Waterfront Fountain is an outdoor 1974 fountain and sculpture by James FitzGerald and Margaret Tomkins, installed along Alaskan Way in Seattle, in the U.S. state of Washington. The fountain is located near the Seattle Aquarium at Waterfront Park on Pier 58.

== History ==
FitzGerald created several fountains for parks around the Seattle area, including one at the Seattle Center for the Century 21 Exposition in 1962. He was commissioned to design a fountain for the new Waterfront Park, but died in 1973 before work was finalized. The project had been funded by a $75,000 donation from Helen Martha Schiff.

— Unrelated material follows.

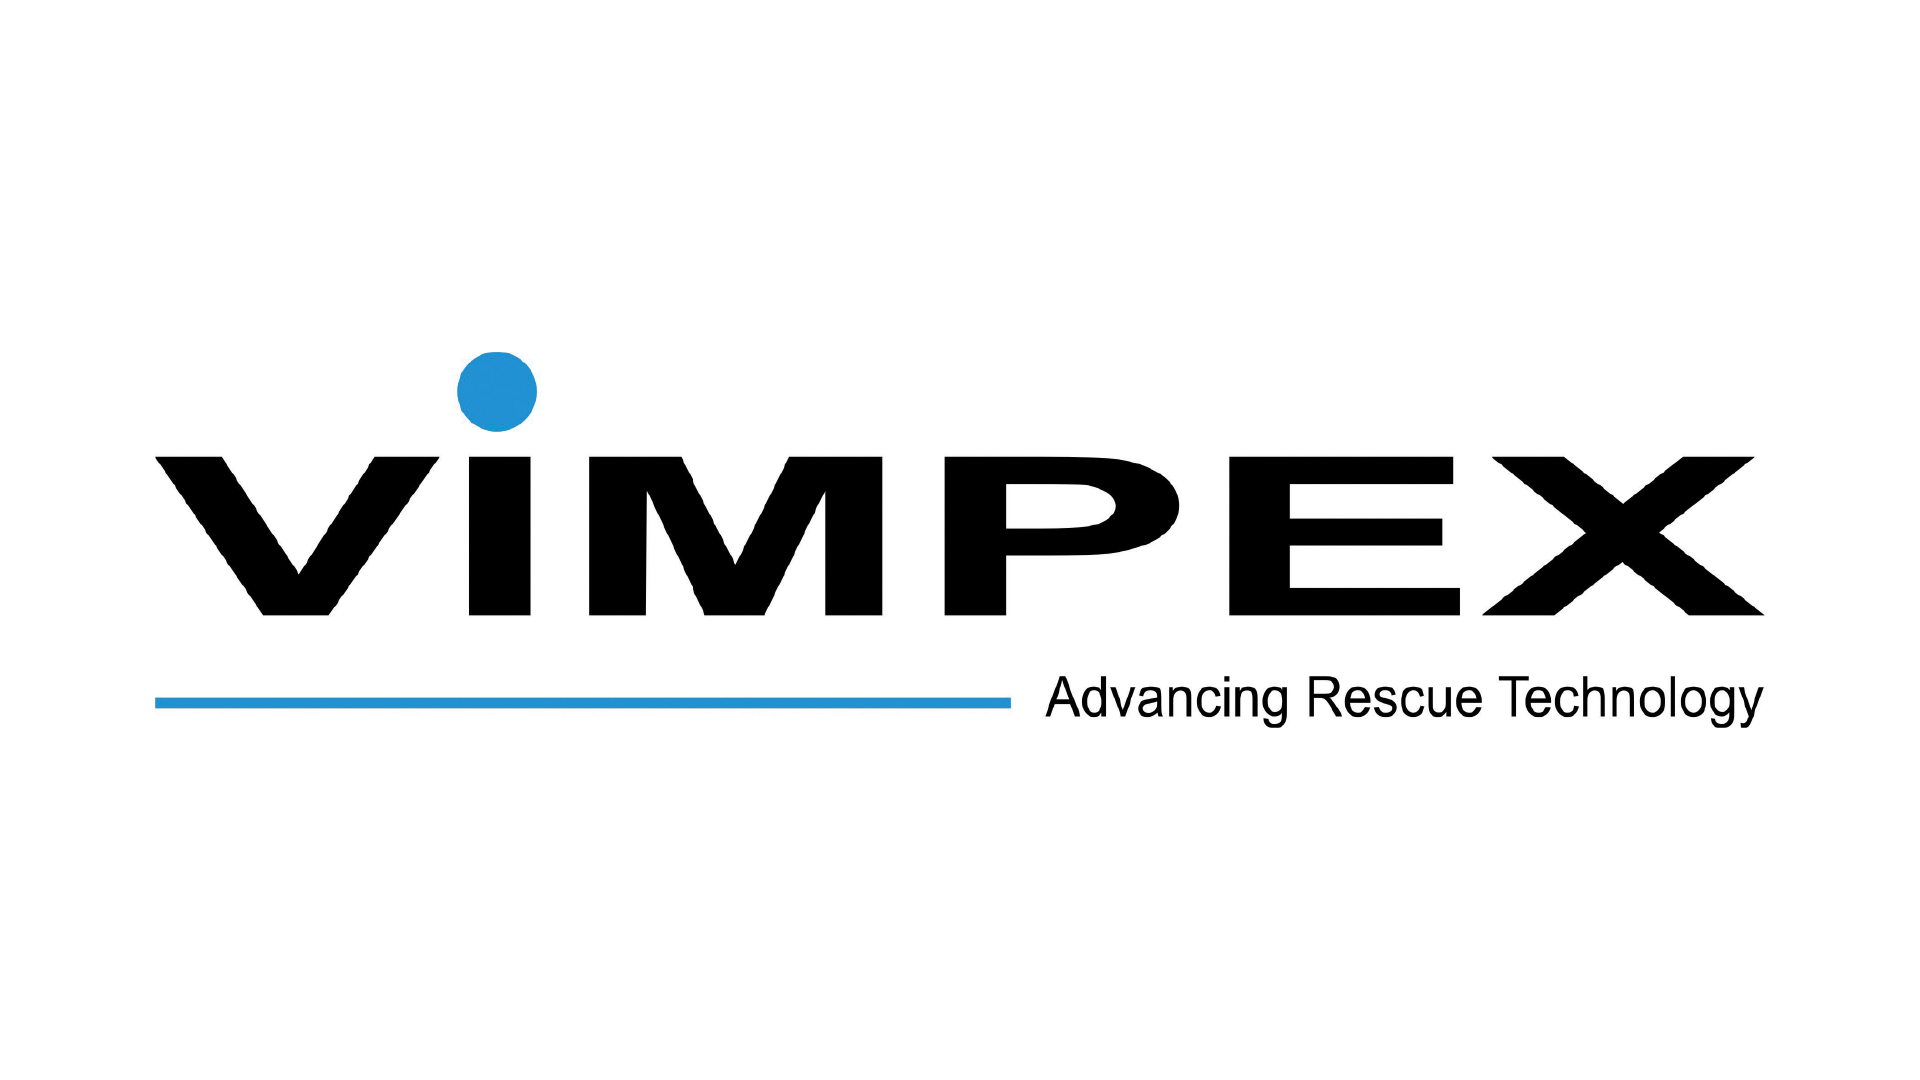 Vimpex logo

Following his death in 1973, his widow Margaret Tomkins lead the effort to complete the fountain's design. It was completed alongside the park and adjacent to the aquarium in October 1974.

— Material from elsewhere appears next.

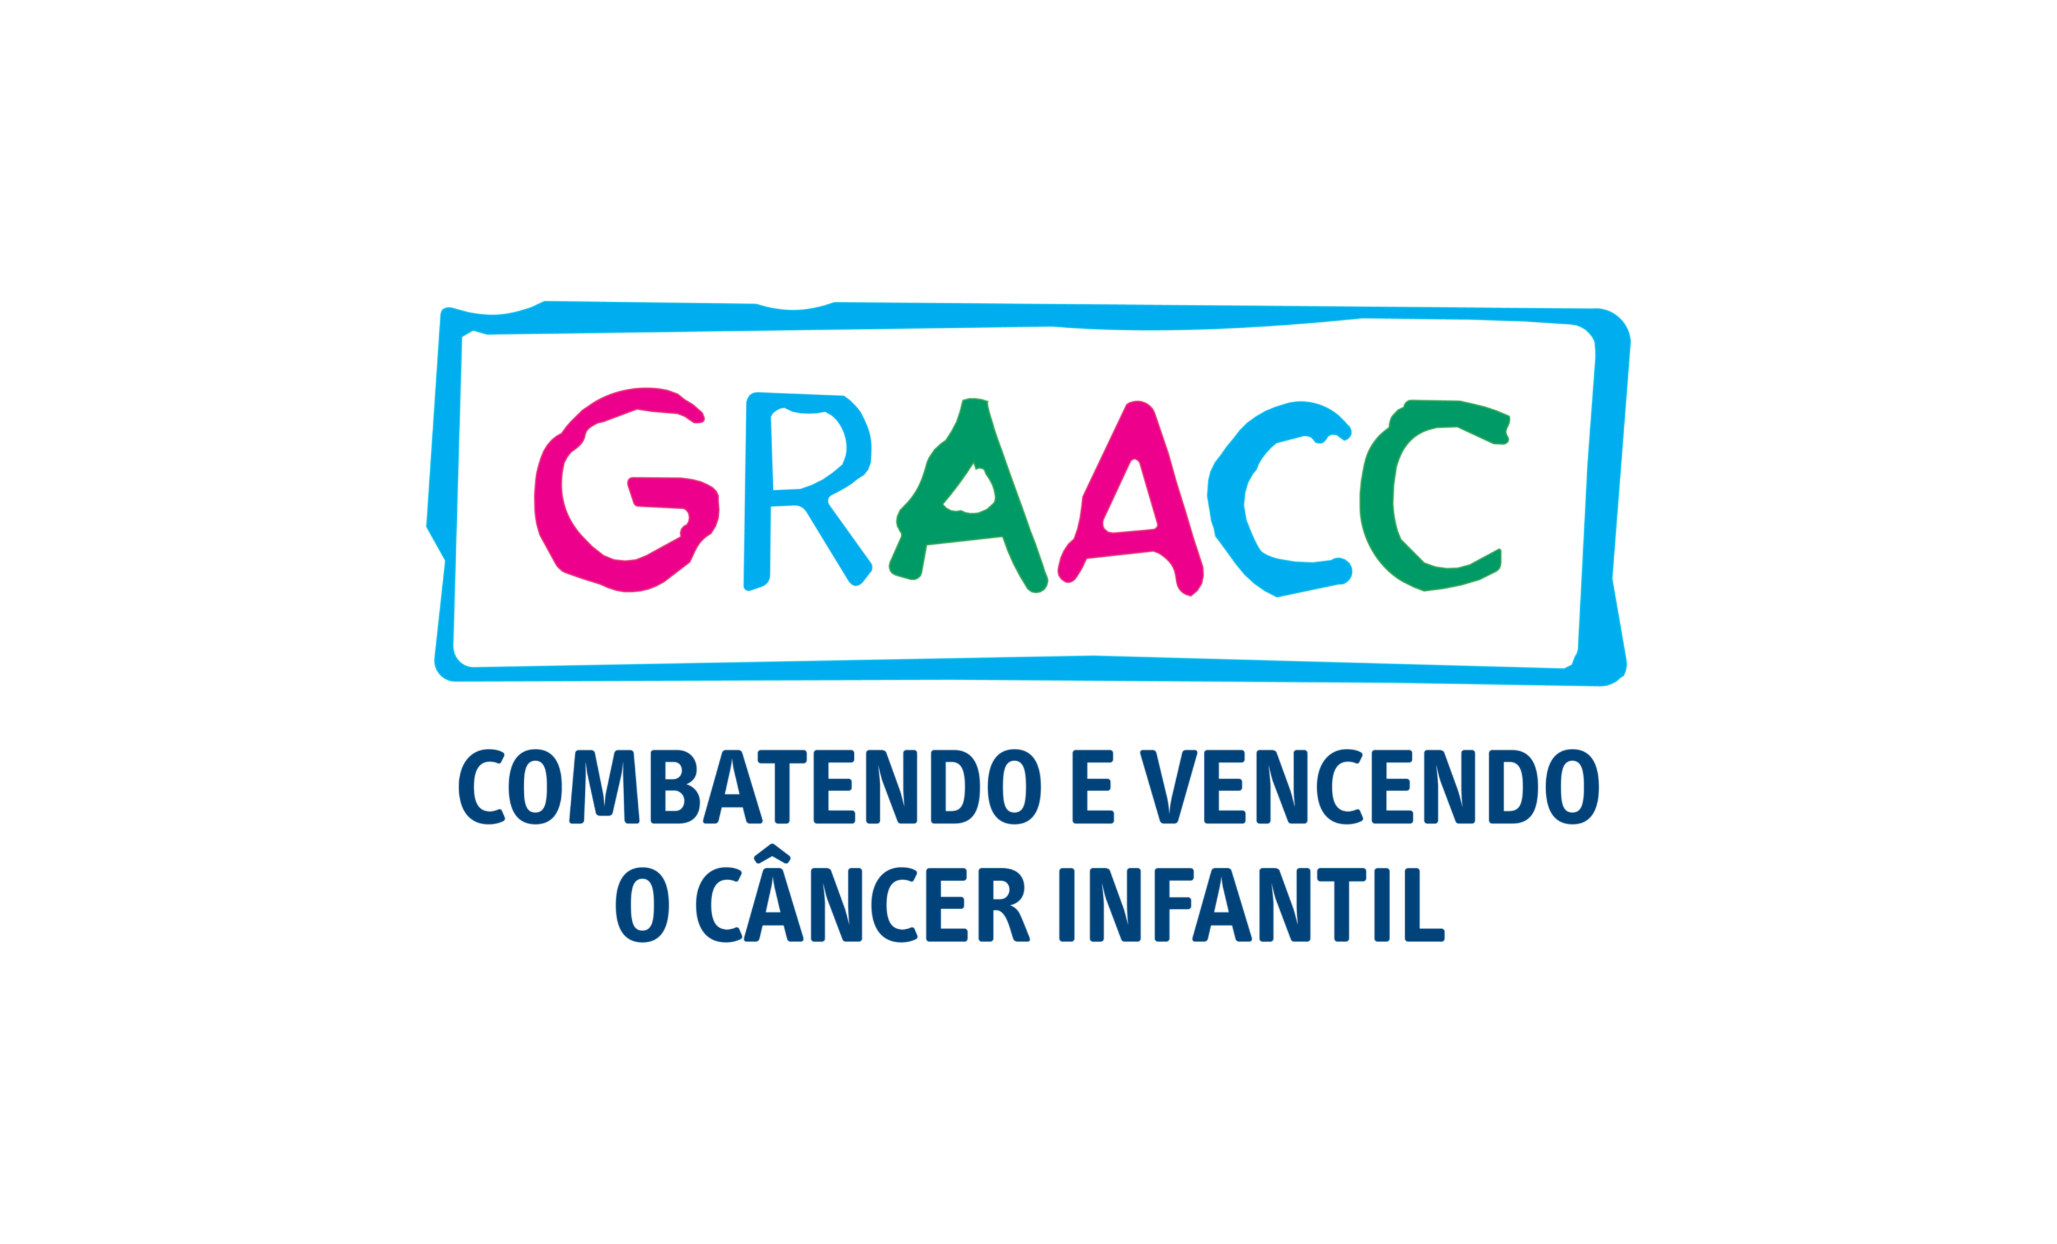 Logo graacc final 02

In 2019, construction began on a revamp of a portion of Seattle's waterfront. On September 13, 2020, the central portion of Pier 58 collapsed during early demolition work following the discovery of extensive structural issues. The structural integrity of the pier had been compromised by a combination of the environment and the supports for the fountain failing. The fountain, weighing 4 tons, fell into the water along with two contractors who were working on the demolition. Divers retrieved the fountain from the sea during the cleanup process.

A rebuilt Pier 58 with a restored Waterfront Fountain opened to the public on July 25, 2025. The fountain, now located at the southeast corner of the pier, received a new finish and new plumbing.